DeltaClassifiers can benefit from increased training datapoints and cancellation of systematic errors within datasets through pairing while directly learning potency differences. This data augmentation also allows for expedited model convergence2, leading to improved performance for DeltaClassifiers after only 5 epochs compared to standard ChemProp trained for 50 epochs (Table 8). Admittingly, paired methods are most efficiently applied to small or medium-sized datasets (<1000 datapoints) as their combinatorial expansion of training data leads to increased computational costs for each epoch. Altogether, the improved performance exhibited by DeltaClassifier over established methods across these benchmarks showcase its potential for potency classification with clear prospects for further improvements.

There are several related, powerful approaches to classify and compare molecular pairs. Siamese neural networks consider two inputs and tandemly use the same weights to compare inputs through contrastive learning. They have been applied within the field of drug discovery to predict molecular similarity, bioactivity, toxicity, drug-drug interactions, relative free energy of binding, and transcriptional response similarity. These models have shown particular promise when trained on compounds with high similarity. Although these models are similarly tailored to directly compare molecular pairs, they are not inherently constructed to utilize bounded data and typically rely upon similarity metrics, such as cosine similarity, to determine distance between classes. There is also precedence of using bipartite ranking of chemical structures to incorporate qualitative data with quantitative data when predicting molecular properties. For example, kernel-based ranking algorithms that minimize a ranking loss function rather than a classification or regression loss have been used for molecular ranking. More recently, classifiers have been trained upon molecular improvements to rank candidates for SARS-COV-2 inhibition. Instead of incorporating bounded values as we do for DeltaClassifiers, these approaches added labelled data (i.e., ‘inactive’) to regression data by considering all compounds with no measurable IC50 as less active than active compounds. Ranking compounds from the same assay has also been implemented to counteract inter-assay variability. These existing classification approaches for molecular improvements should be synergistic with our DeltaClassifier approach. Together, we believe that these methods show great promise to supplement or replace machine learning methods currently implemented for intricate molecular optimizations, chiefly when relying upon smaller datasets with bounded or noisy data.

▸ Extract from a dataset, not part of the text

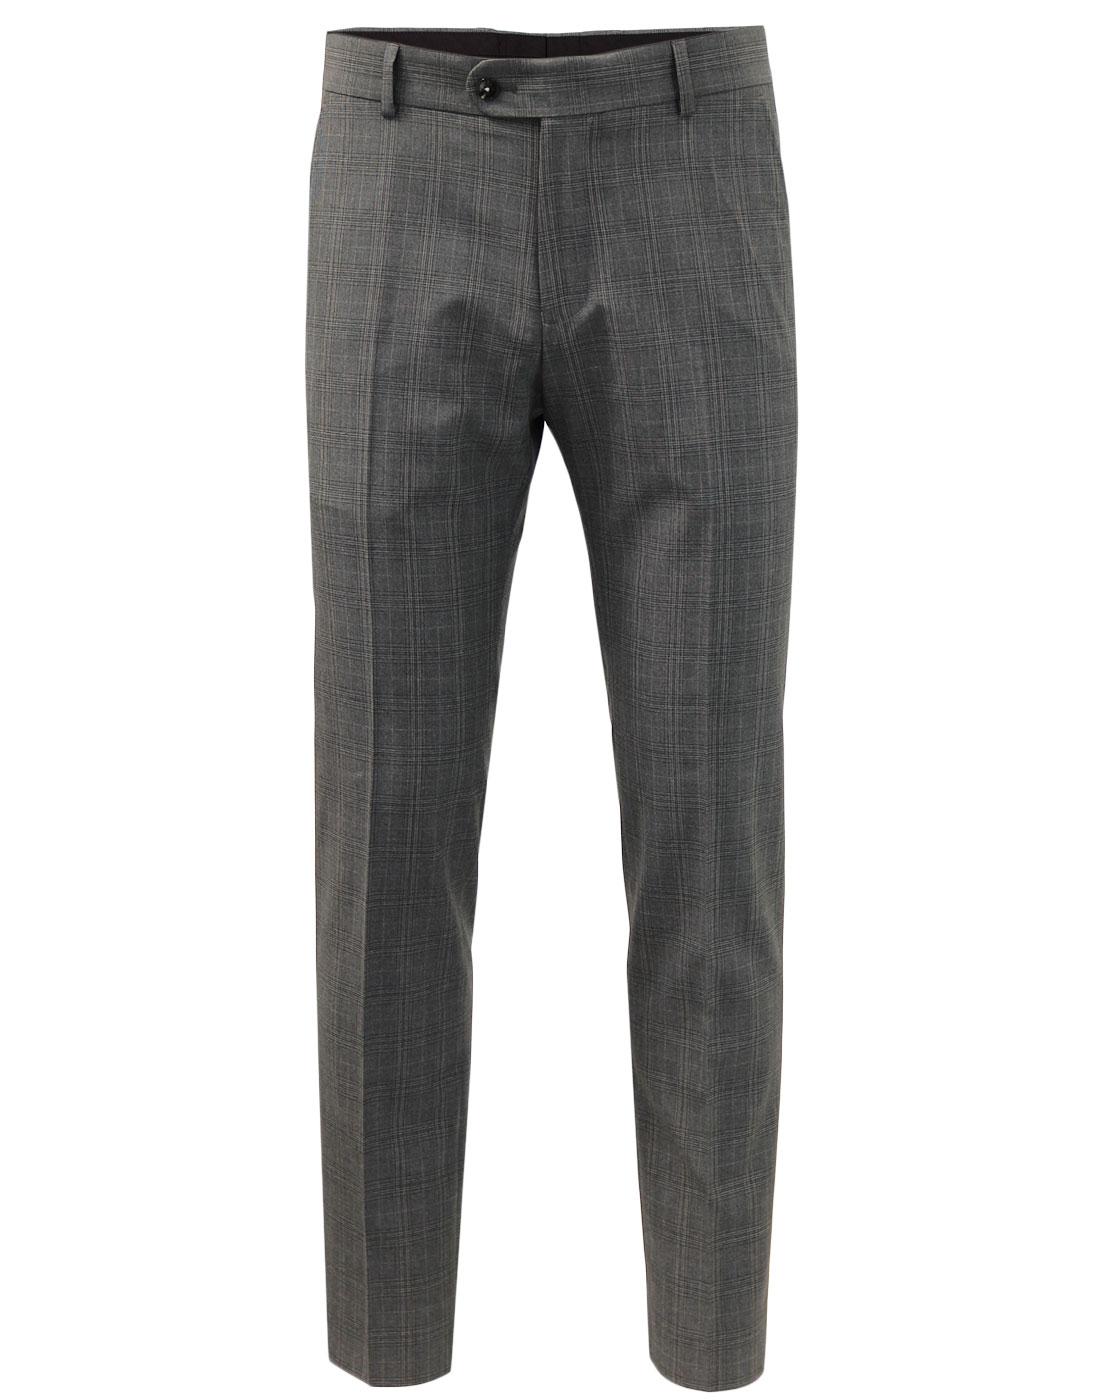 ANTIQUE ROGUE 1960s Mod POW Check Suit Trousers Grey

As generating valuable biological data is expensive, there is a clear need for novel methods to integrate all available data into machine learning training. We present DeltaClassifier, a novel classification approach that accesses traditionally inaccessible bounded datapoints to guide potency optimizations through directly contrasting molecular pairs. Given DeltaClassifiers' significant improvement in identifying potency improvements compared to traditional regression approaches, we believe that DeltaClassifier and subsequent extensions stand to accurately guide potency optimizations in the future. This method is poised to prioritize the most promising next pharmaceutical candidates and could be directly incorporated into adaptive robotic platforms for automated discovery campaigns. Beyond its utility in drug development, we believe DeltaClassifier can be implemented for material selection and optimization, thereby improving efficiency and quality for many important biological and chemical optimization tasks.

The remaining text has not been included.